Architecture Adjustment (Deployment & Fault Tolerance Layer):

[User] → [CDN/WAF] → [K8s Ingress (Gateway Layer)] → [Auto-Scaling Core Flash Sale Service Pods (Web/Order...)]
                                                 ↑ (HPA adjusts Pod count based on load)
                                                 │ (Inter-service calls protected by circuit breakers)
                                                 └─→ [Other Dependent Services (Potentially degraded)]
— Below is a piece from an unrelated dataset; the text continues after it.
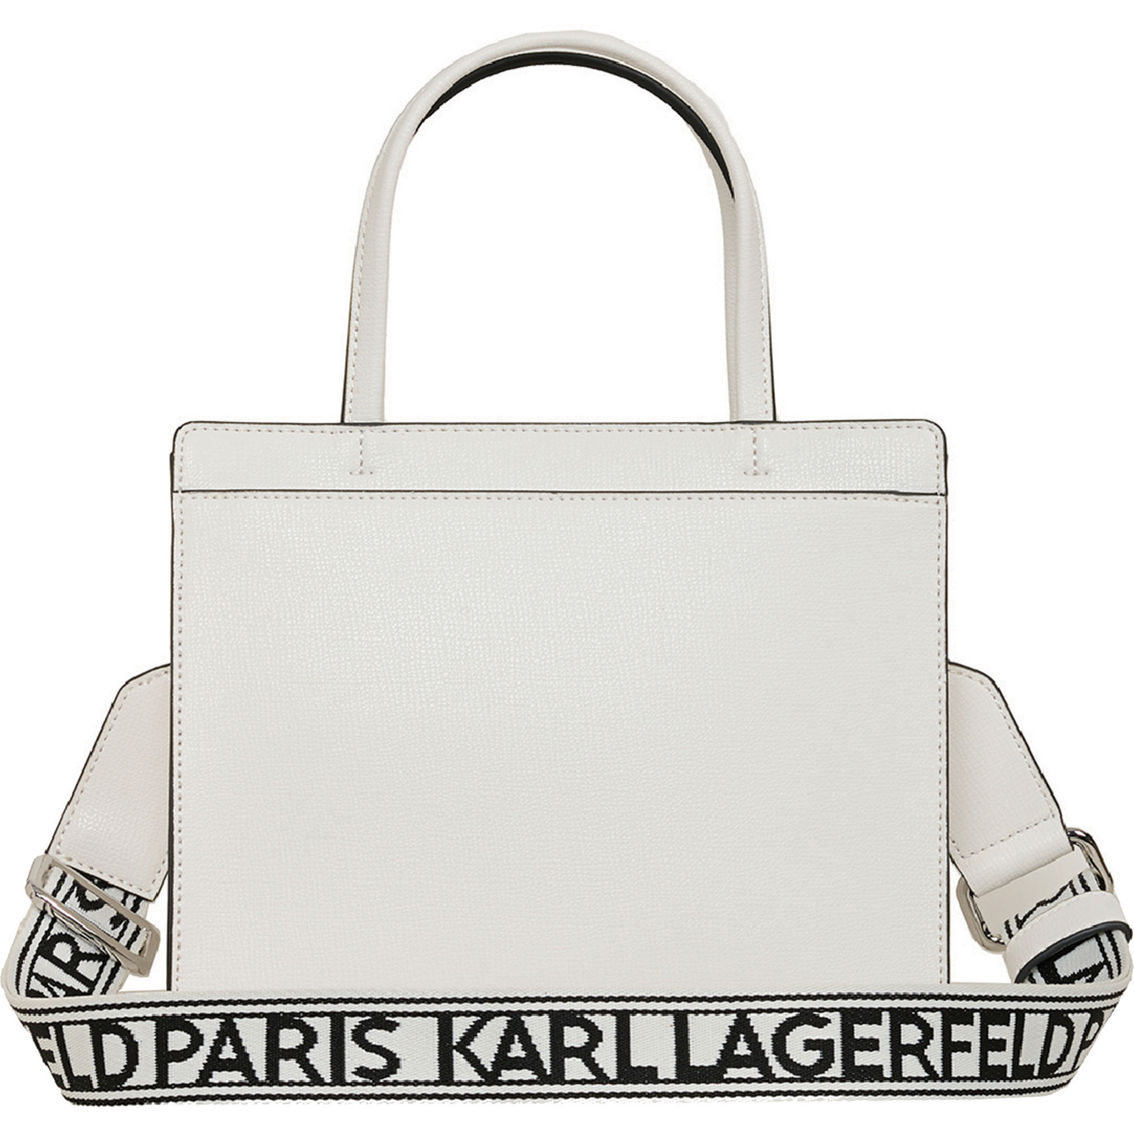 Karl Lagerfeld Maybelle Satchel - Image 2 of 4
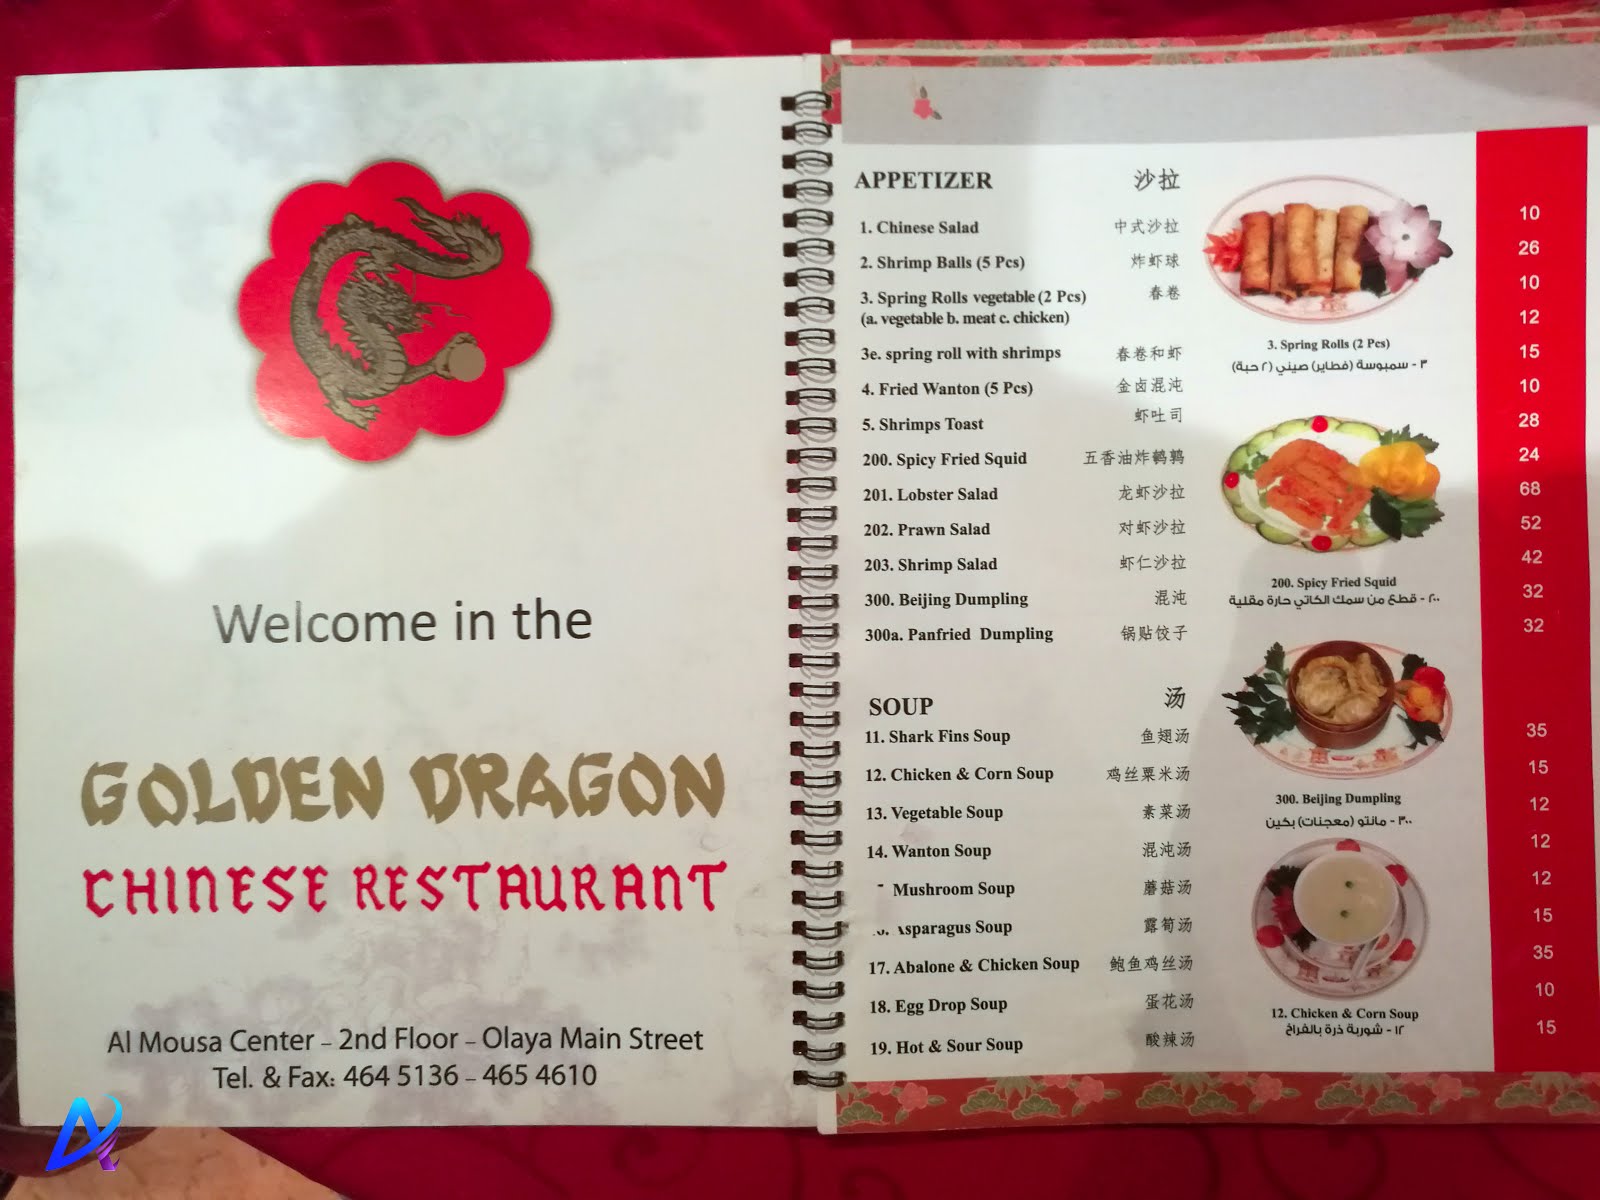 Golden Dragon Restaurant menu

Summary: The "Forged Through Fire" Path of Flash Sale System Architecture

Phase Core Challenge Key Solution Representative Tech/Pattern
0. Monolith Cannot handle concurrency (Cannot handle) Transaction Lock Contention
1. Traffic Instant high QPS kills DB Static/Dynamic Separation + Cache Atomic Deduct CDN, Redis (Lua/DECR)
2. Anti-Fraud Scalper/Bot Malicious Req Multi-Dim Rate Limit + CAPTCHA + Token Nginx/Redis Limit, CAPTCHA, Encrypted Token
3. Consistency Stock/Order Inconsistency Async Order + MQ + Compensation Kafka/RabbitMQ, Idempotent Consumer
4. Data Scale Order Table Capacity/Perf Shard by User + Archive History ShardingSphere, Elasticsearch/Object Storage, CQRS
5. Elasticity Traffic Fluctuation/Avalanche Container + K8s HPA + Circuit Break/Degrade Docker, K8s HPA, Sentinel/Hystrix/Istio

Course Design Highlights and Reflections

  1. Real and Extreme Scenario: The flash sale scenario pushes challenges like high concurrency, consistency, and availability to the extreme, forcing us to consider various optimization techniques.
  2. Comprehensive Technology Application: Caching, message queues, distributed locks (use cautiously), database sharding, rate limiting, circuit breaking, degradation, elastic scaling are vividly demonstrated in this scenario.
  3. Synchronous vs. Asynchronous Trade-off: The evolution from initial synchronous transaction processing to introducing caching, and finally to asynchronous order placement, showcases the process of balancing performance and consistency.
  4. High Hands-on Value:
    • Try simulating high concurrent requests using tools like JMeter or k6 to observe system performance under different architectures.
    • Try implementing Redis Lua scripts for atomic stock deduction.
    • Try using tools like Arthas to diagnose performance bottlenecks in Java applications under high concurrency online.

Understanding the architectural evolution of a flash sale system not only helps master techniques for handling high concurrency but also provides deep insights into the core architectural thinking of step-by-step progression, constant trade-offs, and continuous optimization.